Dem Nord Course von Green Eagle hängt der Ruf von etwas Gefährlichem an, nicht umsonst wird er das Green Monster genannt. Im Vorfeld des Amundi German Masters herrschte deshalb Sorge, was dieses Monster mit den Frauen anstellen würde. Einige Spielerinnen, die man im Feld erwartet hatte, zogen vielleicht auch wegen des Platzes ihre Teilnahme zurück. Und die Schwedin Ellinor Südow konstatierte nach dem Auftakt: "Hätte man mir am ersten Tee eine Zwei-über-Runde garantiert, hätte ich sie genommen." Tatsächlich spielte sie am Ende fünf unter Par und war eine von vier Spielerinnen, die mit einer 68 ins Clubhaus kamen. Denn am Donnerstag erwies sich das Grüne Monster in Wirklichkeit als "Shrek".
Die Turnierverantwortlichen hatten an sechs Abschlägen die Teeboxen bis zu 40 Meter nach vorne verlegt - vielleicht, weil das Wetter schlechter vorhergesagt war, als es letztlich eintrat. Ein Umstand, der vor allen Dingen Helen Briem und ihren Caddie irritierte.

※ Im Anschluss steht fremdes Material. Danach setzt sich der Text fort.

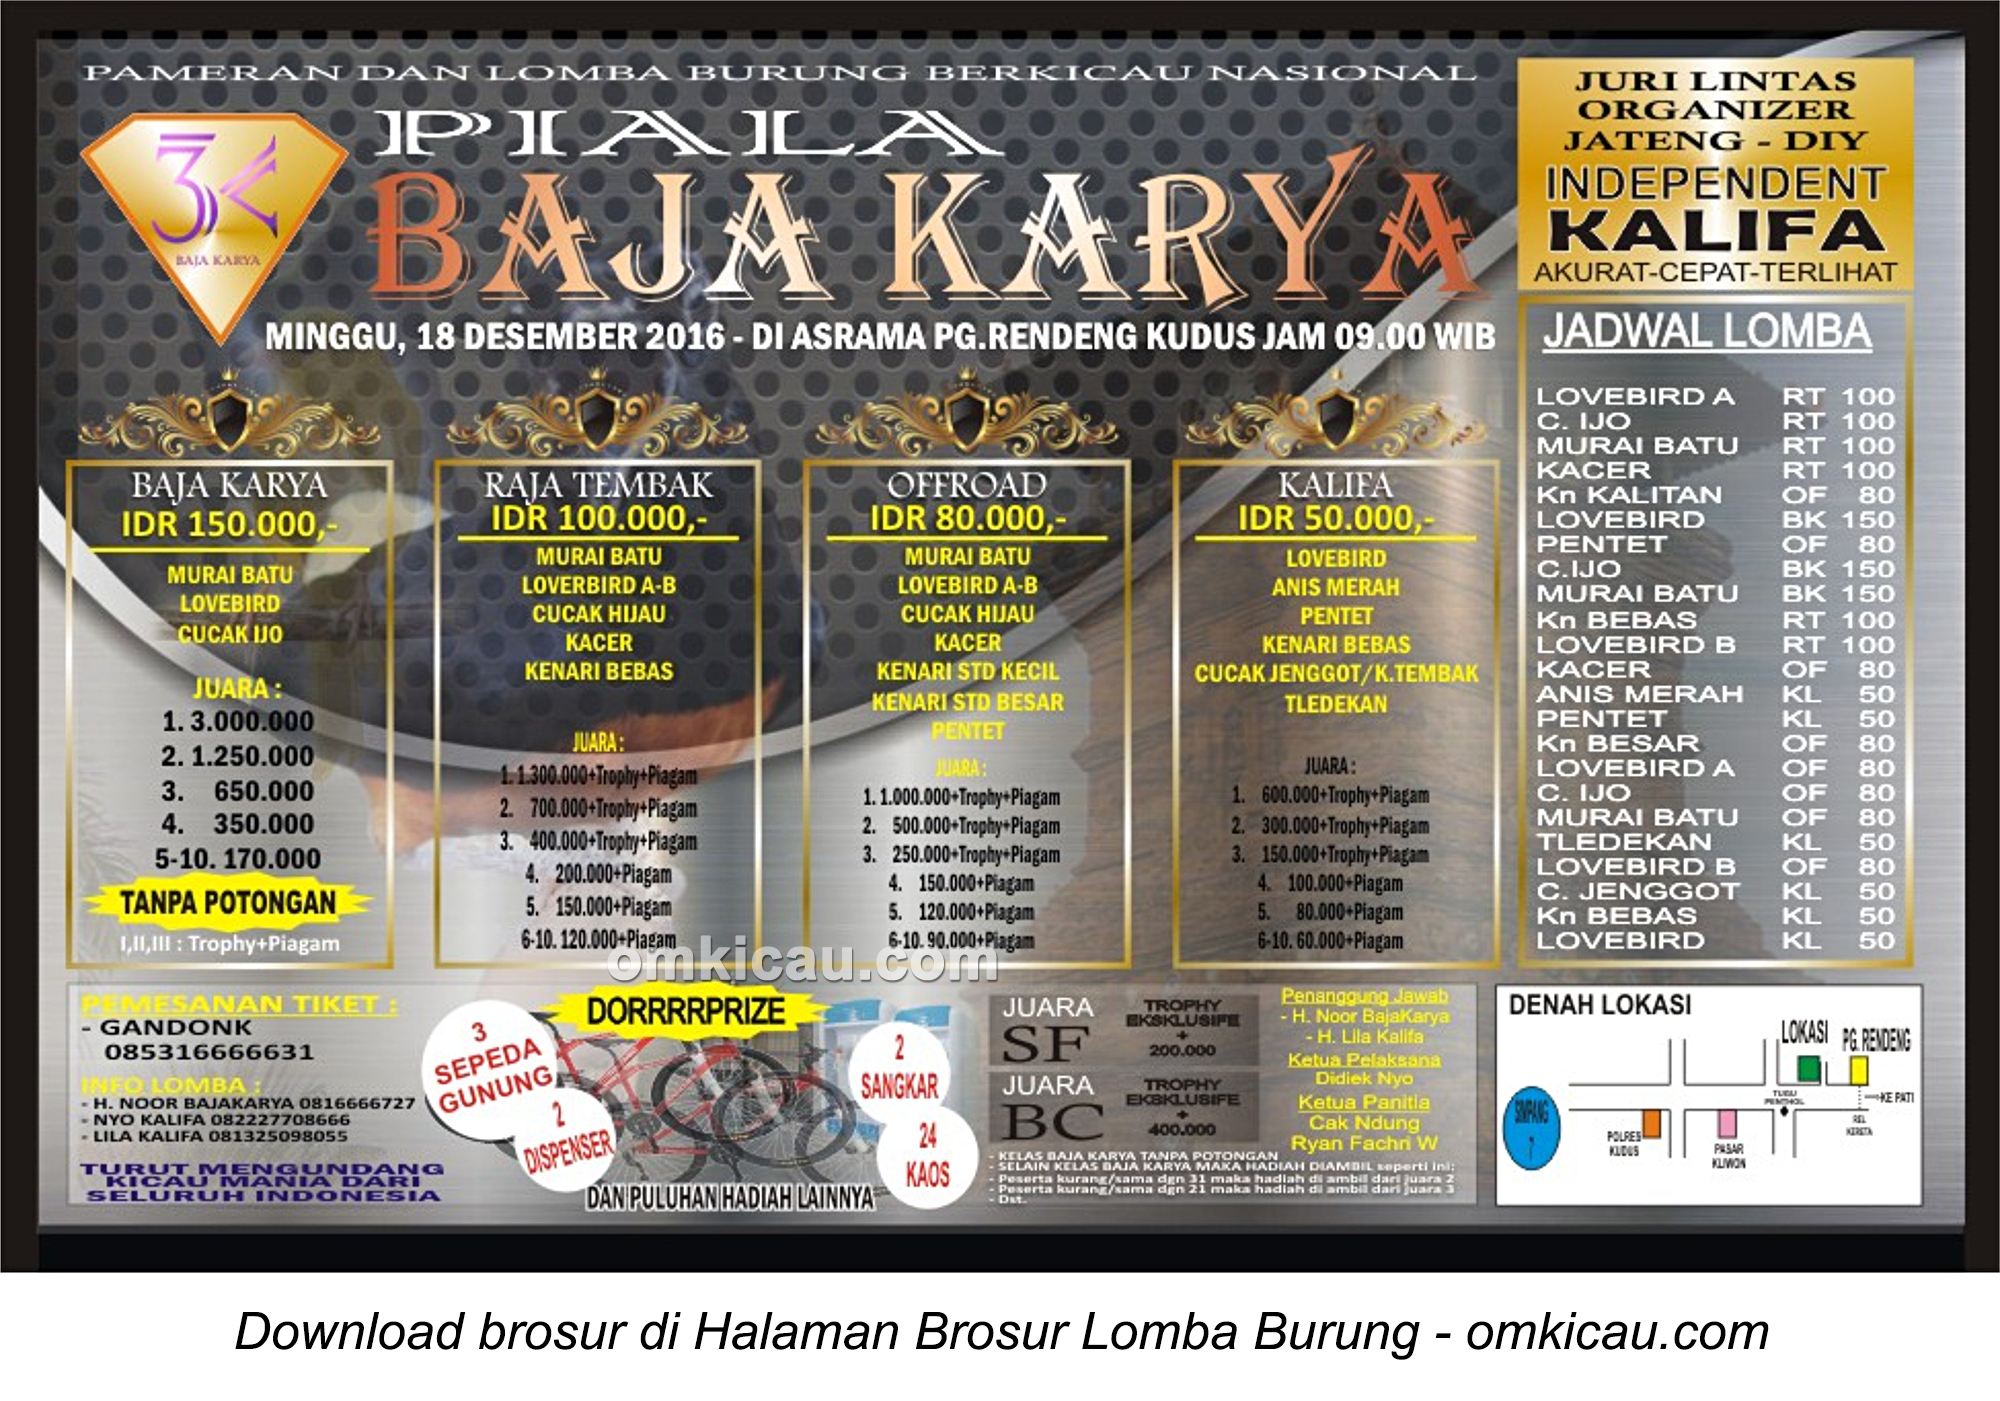 Brosur Terbaru Lomba Burung Berkicau Piala Baja Karya, Kudus, 18 Desember 2016

Ein ums andere Mal sorgte der Blick ins Birdiebook auf dem Tee für Stirnrunzeln, da sich der Platz in den Proberunden komplett anders gespielt hatte. "Ich habe nur selten den Driver geschlagen, sondern immer wieder zum Eisen 4 gegriffen", erzählte die 19-Jährige nach der Runde. Obwohl der deutsche Shootingstar so nicht ihre Länge ausspielen konnte, beendete auch sie mit einer 68 die Runde und beeindruckte dabei mit großer Konstanz, Gefasstheit, Nervenstärke und einer klugen Strategie. An Loch 10 gestartet, leistete sie sich an der 12 einen Drei-Putt und verpasste an der 14 nach einem zu langen Abschlag das Up-and-Down, doch dies sollten die einzigen zwei Bogeys des Tages bleiben. Trotz immer wieder auftretenden kräftigen Schauern blieb sie konzentriert und nutze konsequent ihre Chancen aus. Überraschenderweise allerdings nicht auf den sechs Par 5s, die sie nur zwei unter Par spielte, sondern auf den Par 3 Löchern.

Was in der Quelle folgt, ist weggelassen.